Comment 4 Morten Welinder 2006-10-03 15:39:23 UTC
Andreas: right.  But the current code does really crazy thing while
tokenizing.  When it sees

    foo","bar",

it makes the tokens

    f o o "," ...

i.e., it thinks that the quote after foo starts a string.  I'm pretty certain
that if an item did not start with a quote, we should not consider quotes
special.

And don't get me started on the way it deals with double quotes!
Comment 5 Andreas J. Guelzow 2006-10-03 17:34:02 UTC
Morten:
I am not defending the original code but I believe to recall a discussion that
foo","bar
was supposed to be equivalent to
"foo,bar"
Personally I don't see the point in that, but the
foo","bar
is either nonsense or interpretable as
"foo,bar"
of course
"foo""bar"
in that case looks like
"foobar"
when it probably should contain a literal ".
Comment 6 Morten Welinder 2006-10-03 18:39:08 UTC
The closest thing to a normative reference for csv I can find is...

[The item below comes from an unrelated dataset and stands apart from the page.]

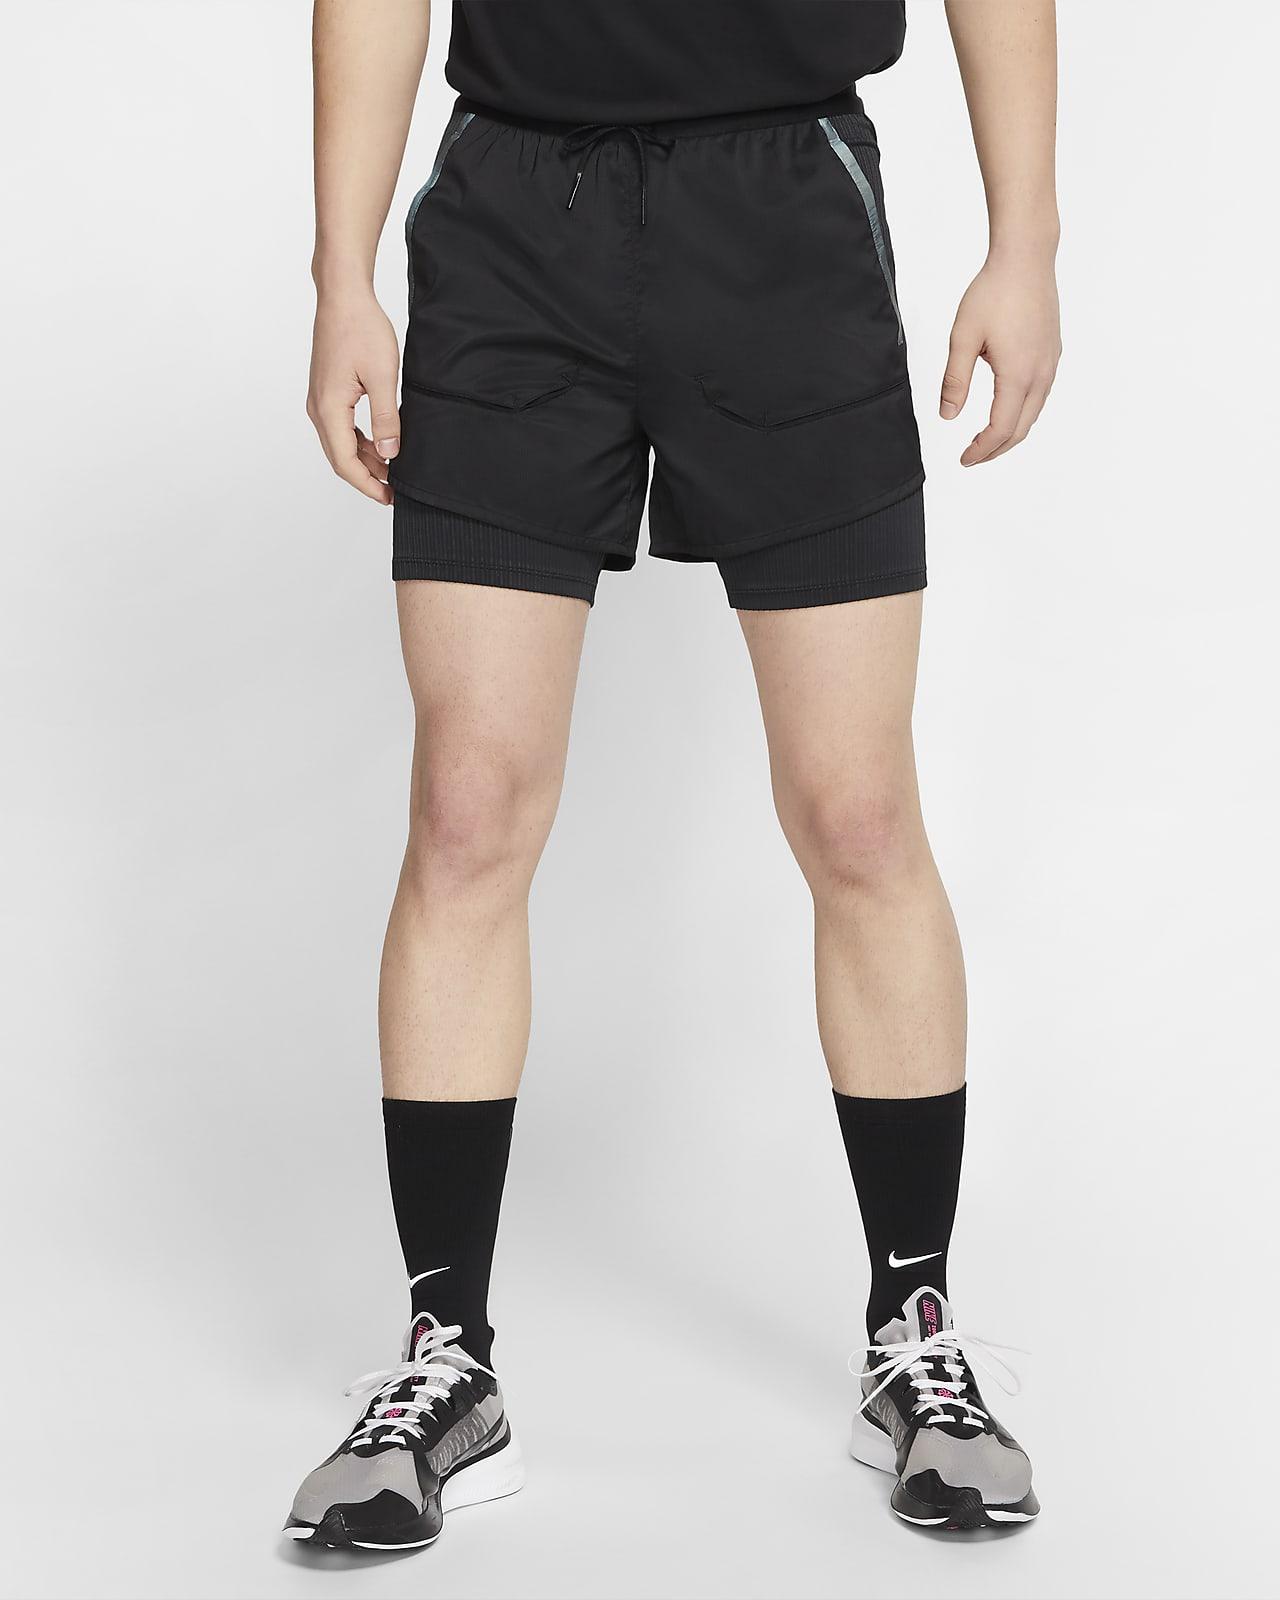 กางเกงวิ่งขาสั้น 2-in-1 ผู้ชาย Nike Tech Pack
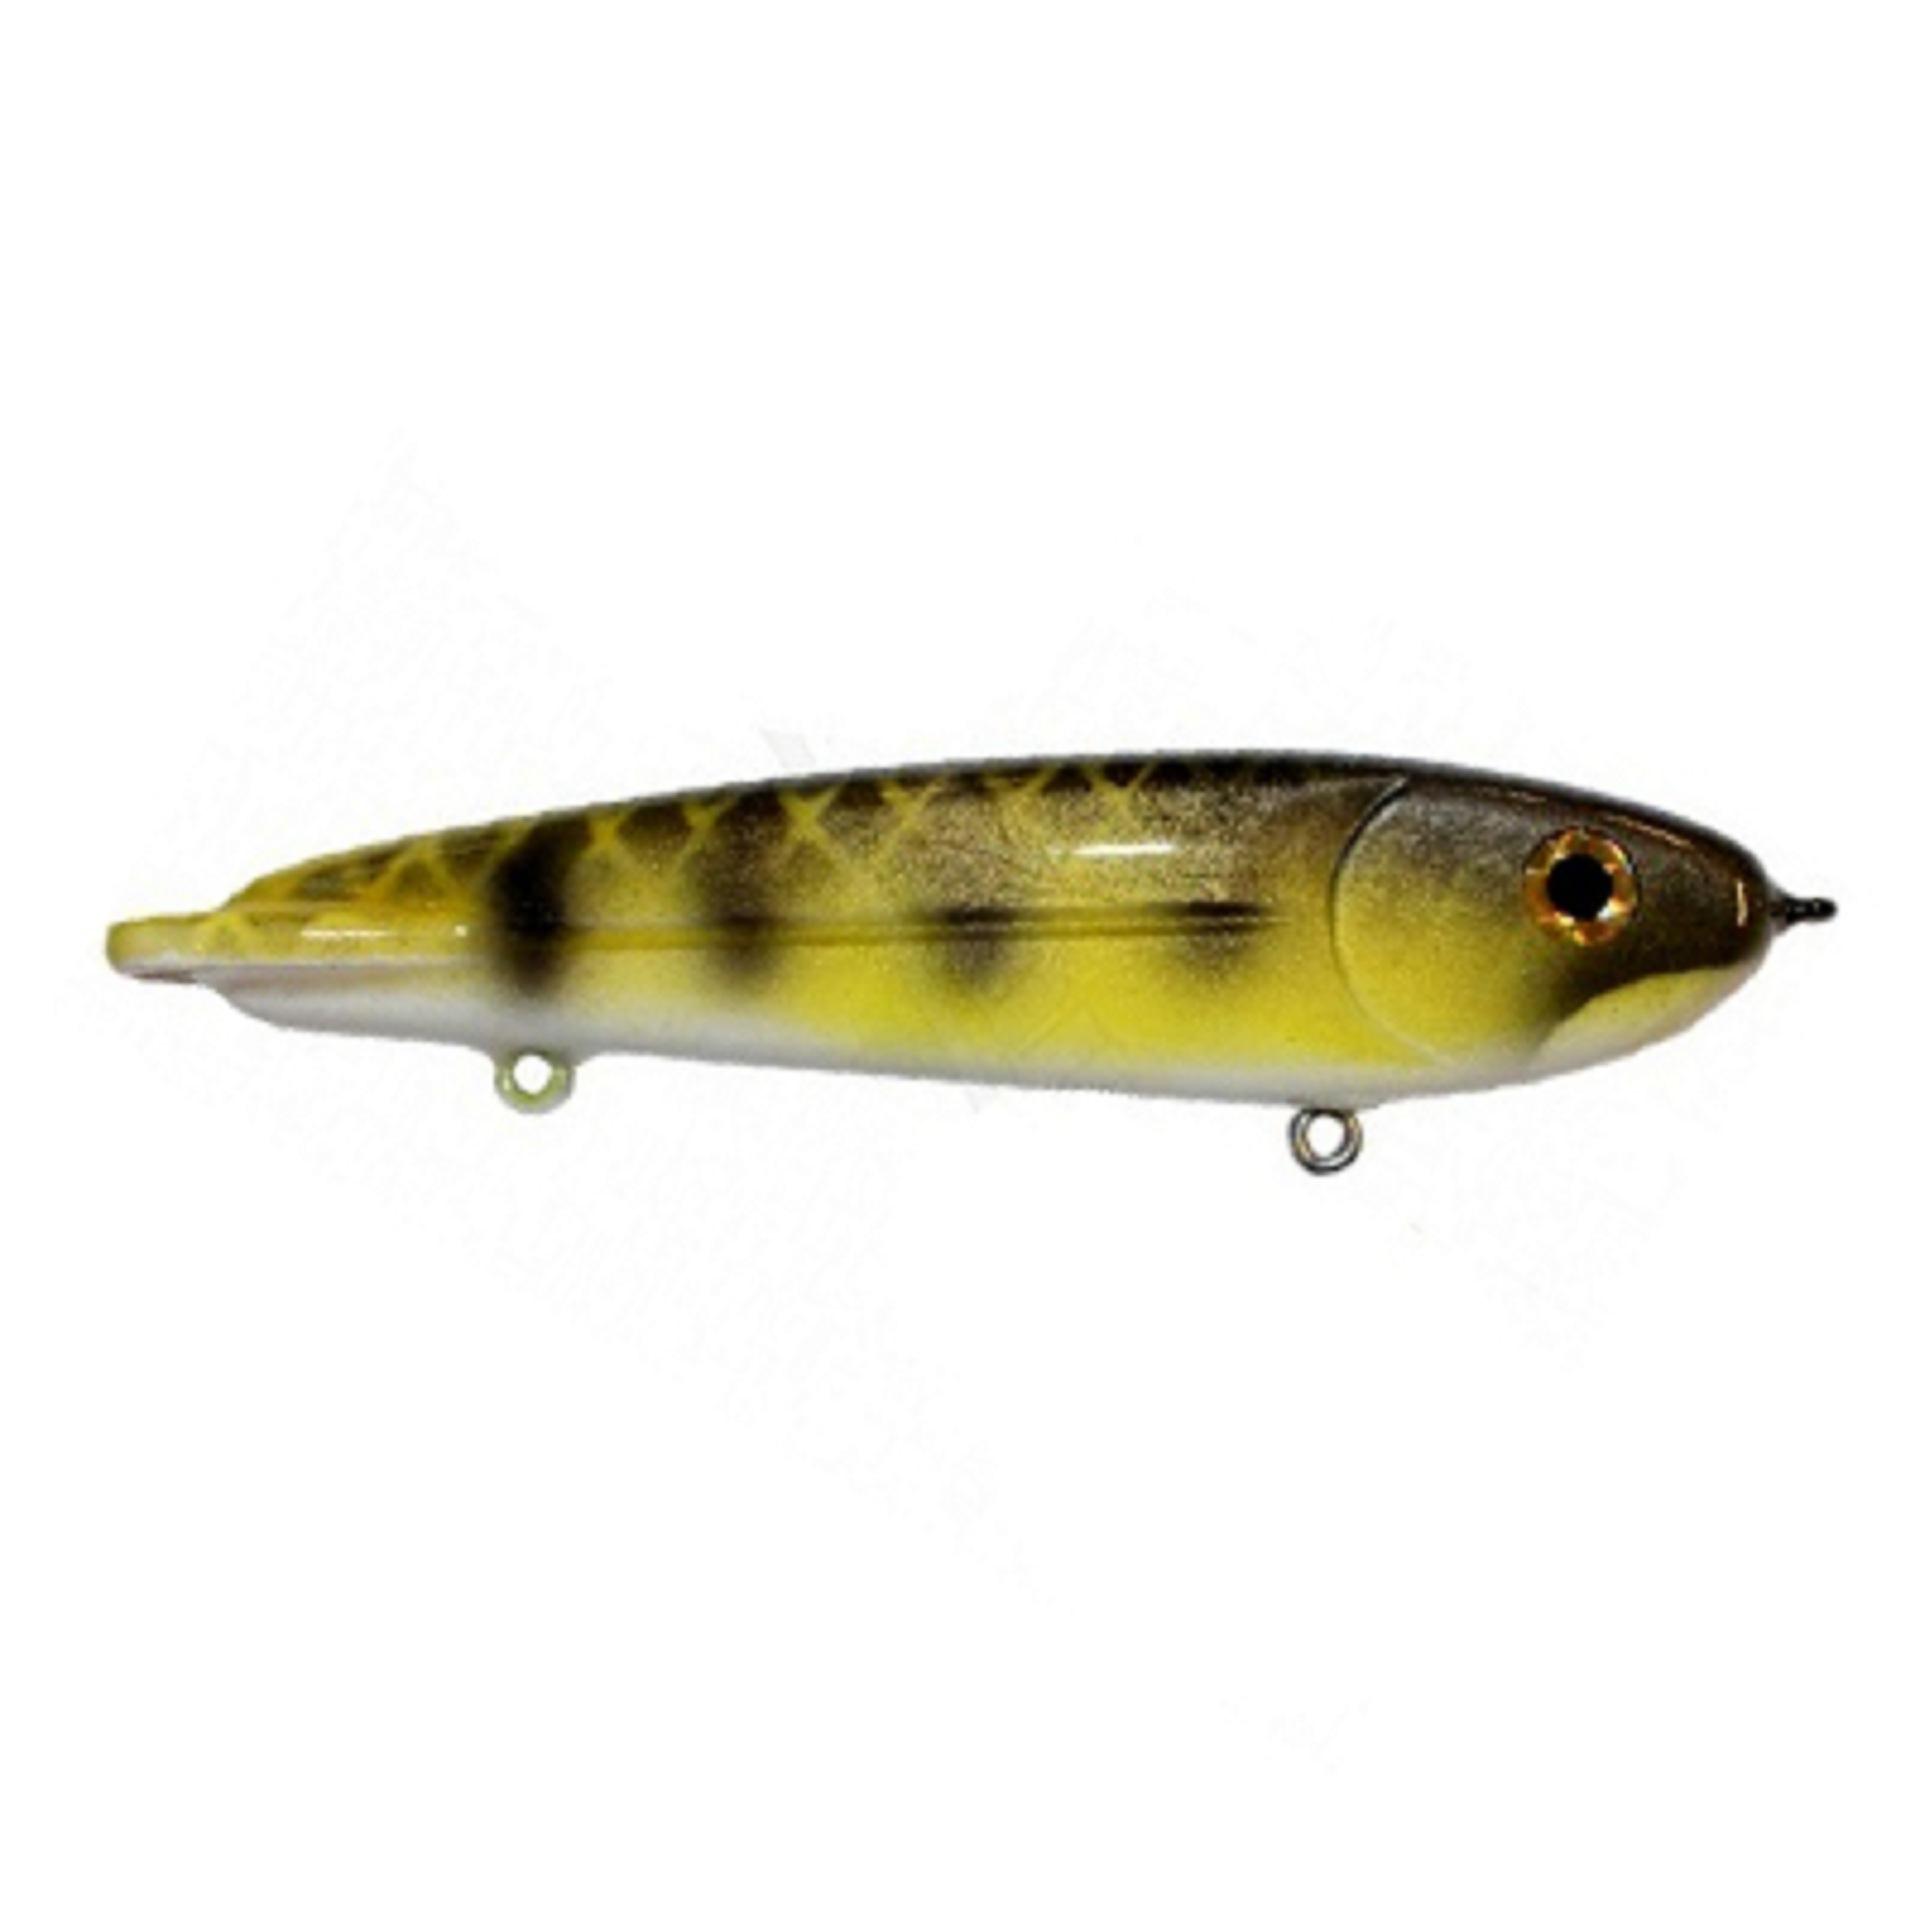 Tripwire Yellow Perch

    http://www.creativyst.com/Doc/Articles/CSV/CSV01.htm

It seems to say, that if you wanted the seven character item foo,bar then
you must enclose the whole thing in quotes.  If you use foo","bar then you
get a nine character item with internal quotes.
Comment 7 jjvenkit 2006-10-17 20:45:11 UTC
perhaps this is related to bug #161403.

...

i run in this locale:
$ locale
LANG=fr_CA.UTF-8
LANGUAGE=fr_CA.UTF-8
LC_CTYPE="fr_CA.UTF-8"
LC_NUMERIC="fr_CA.UTF-8"
LC_TIME="fr_CA.UTF-8"
LC_COLLATE="fr_CA.UTF-8"
LC_MONETARY="fr_CA.UTF-8"
LC_MESSAGES="fr_CA.UTF-8"
LC_PAPER="fr_CA.UTF-8"
LC_NAME="fr_CA.UTF-8"
LC_ADDRESS="fr_CA.UTF-8"
LC_TELEPHONE="fr_CA.UTF-8"
LC_MEASUREMENT="fr_CA.UTF-8"
LC_IDENTIFICATION="fr_CA.UTF-8"
LC_ALL=

saving a CSV file from the fr_CA locale uses commas and the separator and thus i cannot open the CSV file i just created.  further, if i open a CSV file from someone who was running in english (en_CA for example) gnumeric doesn't parse the data properly.
Comment 8 Morten Welinder 2006-10-18 01:27:04 UTC
No, that's a different problem.  (Namely that "csv" is not a well defined
standard.)

This problem is that we don't react the right way when seeing a clearly
bogus file such as http://merlin.ugent.be/gamv_ver.csv
Comment 9 Morten Welinder 2006-10-18 16:01:35 UTC
Fixed in the development version. The fix will be available in the next major release. Thank you for your bug report.

In the example from above, there will be a cell containing Covariance"
including the terminating quote.

This also fixes the problem that space-trimming (as selected from the format
page in the gui) removed spaces inside quotes.